**PROVIDED RECORDS:**
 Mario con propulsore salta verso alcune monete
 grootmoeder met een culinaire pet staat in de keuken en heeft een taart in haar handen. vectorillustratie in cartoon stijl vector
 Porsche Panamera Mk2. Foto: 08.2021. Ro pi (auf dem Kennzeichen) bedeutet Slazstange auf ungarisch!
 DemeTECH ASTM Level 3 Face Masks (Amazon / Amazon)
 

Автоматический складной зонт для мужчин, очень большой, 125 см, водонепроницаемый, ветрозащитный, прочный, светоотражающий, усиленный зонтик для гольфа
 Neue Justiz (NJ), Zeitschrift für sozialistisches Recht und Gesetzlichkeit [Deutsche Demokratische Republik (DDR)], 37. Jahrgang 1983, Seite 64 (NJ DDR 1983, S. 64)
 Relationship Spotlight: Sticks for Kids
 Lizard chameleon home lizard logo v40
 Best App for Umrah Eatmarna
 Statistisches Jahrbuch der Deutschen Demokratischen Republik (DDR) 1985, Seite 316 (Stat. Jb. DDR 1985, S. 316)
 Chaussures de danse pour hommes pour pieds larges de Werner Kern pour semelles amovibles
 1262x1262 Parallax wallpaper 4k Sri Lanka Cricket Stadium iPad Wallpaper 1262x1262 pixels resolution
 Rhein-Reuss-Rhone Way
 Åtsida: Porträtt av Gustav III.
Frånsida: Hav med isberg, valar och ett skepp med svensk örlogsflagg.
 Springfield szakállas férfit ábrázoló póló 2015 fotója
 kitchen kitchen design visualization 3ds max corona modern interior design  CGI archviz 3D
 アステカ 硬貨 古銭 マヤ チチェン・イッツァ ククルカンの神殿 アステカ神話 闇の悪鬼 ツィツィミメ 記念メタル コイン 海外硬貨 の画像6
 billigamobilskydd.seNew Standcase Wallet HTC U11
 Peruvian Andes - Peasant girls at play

**WORK INSTRUCTION:**
In the listing, count the lines that contain the word "Republik", then give the number and nothing more.

**RESPONSE:**
2